The numbers in segments relate to the children identified with these specific neurotypes. n = 15 children were identified as only autistic. n = 2 were identified as having only a motor neurotype. n = 1 was identified as having only an ADHD like neurotype. All children identified as having a learning neurotype also had other neurotypes present. The numbers in each segment refer to children with more than one overlapping neurotype and reflect the corresponding overlaps.

https://doi.org/10.1371/journal.pone.0296077.g002

Motor domain-associated neurotypes were more common in younger children while ADHD-like domain-associated neurotypes were more common in the older population. Children with more than one possible neurotype in addition to autism were significantly more likely (p = 0.017) to be assessed at a younger age.

Full results concerning likely additional neurotypes discovered in children with completed questionnaires can be seen in Table 2.

thumbnail
Table 2. Additional neurodivergent traits discovered by age and total for whole cohort.

https://doi.org/10.1371/journal.pone.0296077.t002

After completing autism assessment, 26.3% of children had case-note evidence of formal investigation of other possible underlying neurotypes in addition to their autism diagnosis.

Discussion

Our results demonstrate that a significant proportion (76.2%) of children referred for an autism assessment in this cohort demonstrated evidence of at least one other underlying neurodivergence in addition to an autism diagnosis, however relatively low numbers of these children (26.3%) were formally investigated for an additional underlying diagnosis. In addition, we report that nearly 80% of the children referred for an autism assessment, in this sample, met the diagnostic criteria as defined in DSM-5 after face to face clinical assessment.

Our findings show extensive overlap between autism and additional neurodivergences in ADHD and/or motor and/or learning domains. Our findings support the ESSENCE concept [13] and are in line with a growing research base illustrating common genetic, anatomic and environmental factors which may be responsible for phenotypic overlap between neurodivergences [27, 28].

Our results indicate that up to 55.6% of children referred for autism assessment may also meet the diagnostic threshold for ADHD, and certainly have at least some significant ADHD traits. The proportion is markedly higher than ADHD prevalence in the general population, which is estimated to be 5–7% in children [29]. Since missed or late diagnosis of ADHD is associated with an increased risk of negative psychosocial outcomes such as substance misuse and criminality across the lifespan [30], these data provide further evidence for the utility of holistic neurodevelopmental assessments.

Autism and ADHD commonly co-occur in children [3135], with genetic components influencing 53 separate neurodevelopmental symptoms across conditions in one study [27]. Family and twin studies support the idea that these neurotypes share a genetic underpinning. However, the specific genetic, structural or environmental mechanisms contributing to the coexistence and overlap of these neurotypes remains to be fully elicited [16, 36]. There is also evidence that ADHD symptoms may manifest across other diagnostic categories such as Intellectual Disability and autism, further emphasising the need to avoid rigid adherence to current diagnostic boundaries but, instead, to be led by traits and functional impairment.

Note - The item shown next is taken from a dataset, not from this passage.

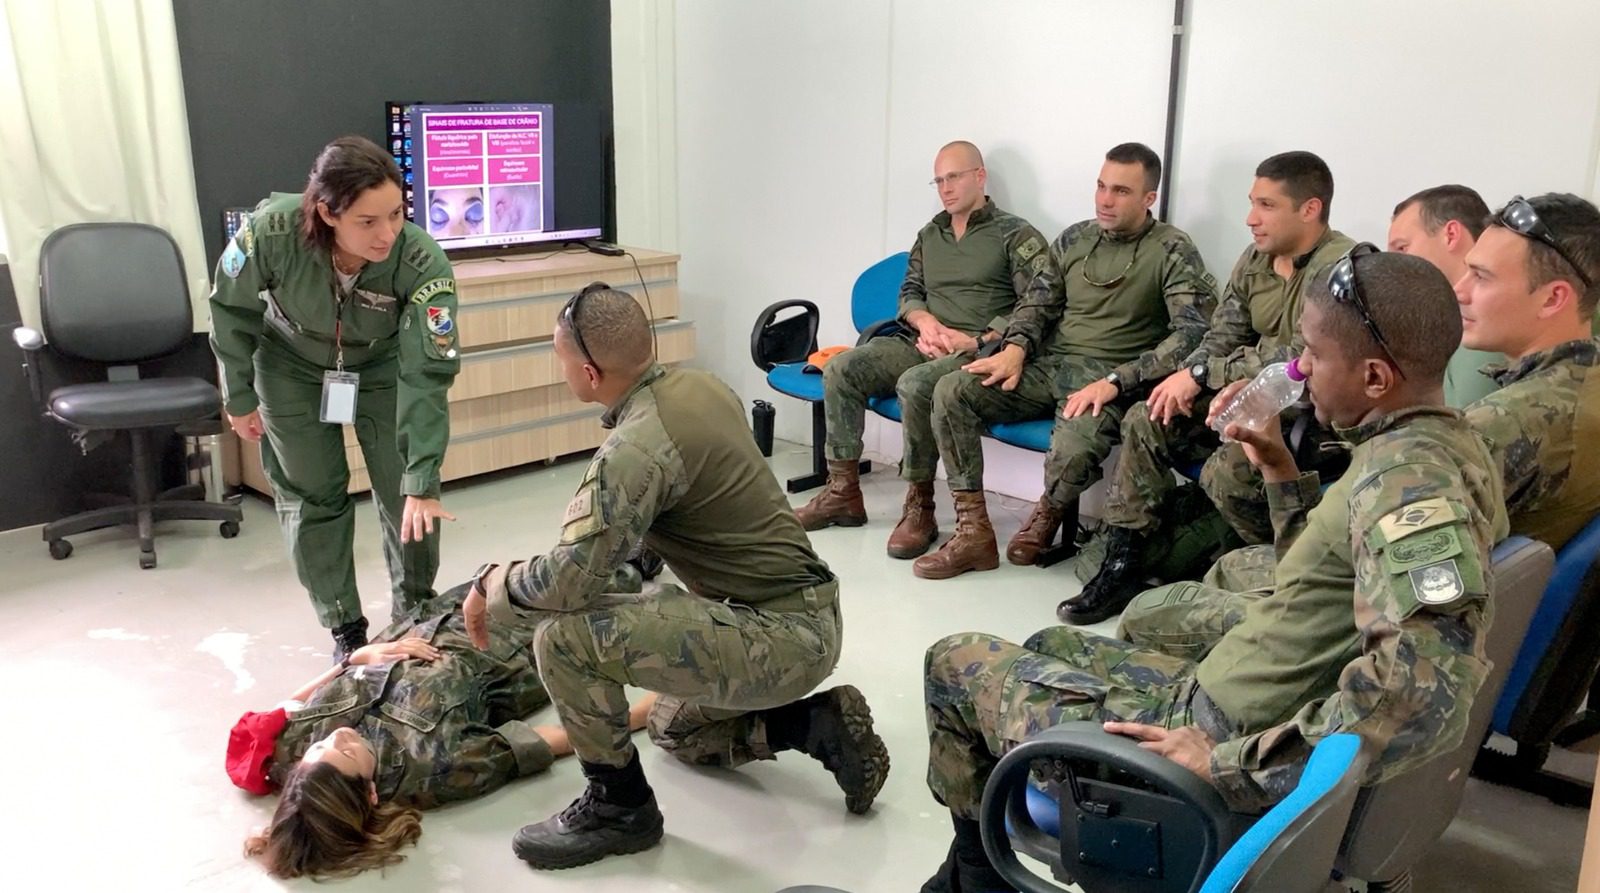 Tactical Pre-Hospital Care: saving lives in war scenarios

Our results showed that 36.5% of our cohort exhibited some evidence of learning differences. Aside from a potential overlap with underlying Intellectual Disability (which if the case would be grossly overrepresented in this group compared to community prevalence of 3.2%) [37], specific learning differences may also co-occur with other neurodivergences. For example, dyslexia has been shown to closely associate with several other neurodivergences including ADHD and developmental motor differences [38].

Similarly, possible neurodivergences in motor domains (52.4%) are over-represented here compared to community prevalence rates for the corresponding DSM-5 diagnoses (DCD 1.8%) [17]. Motor differences can occur as part of the autistic phenotype [39], as part of other neurodivergences [40], or as a discreet neurodivergence [41]. Motor differences can be associated with significant functional difficulties, but are rarely considered in child mental health clinics [42, 43]. Our evidence of a possible higher frequency of underlying motor neurotypes in our population of autistic children, compared with the general population, further highlights the overlapping nature of neurodivergence and the importance of holistic assessment strategies. Motor neurodivergence may otherwise go unrecognised [41].

Although we only focussed on the three most prevalent additional neurodivergences, our results are in close agreement with previous findings that 70% of children with autism will have one or more co-occurring neurodivergence [17]. Even if only a small proportion of the children with possible additional neurodivergences in our cohort would go on to meet diagnostic threshold for the associated DSM-5 conditions, detecting traits of such neurodivergences is important in developing personal, family, and systemic insight about the child.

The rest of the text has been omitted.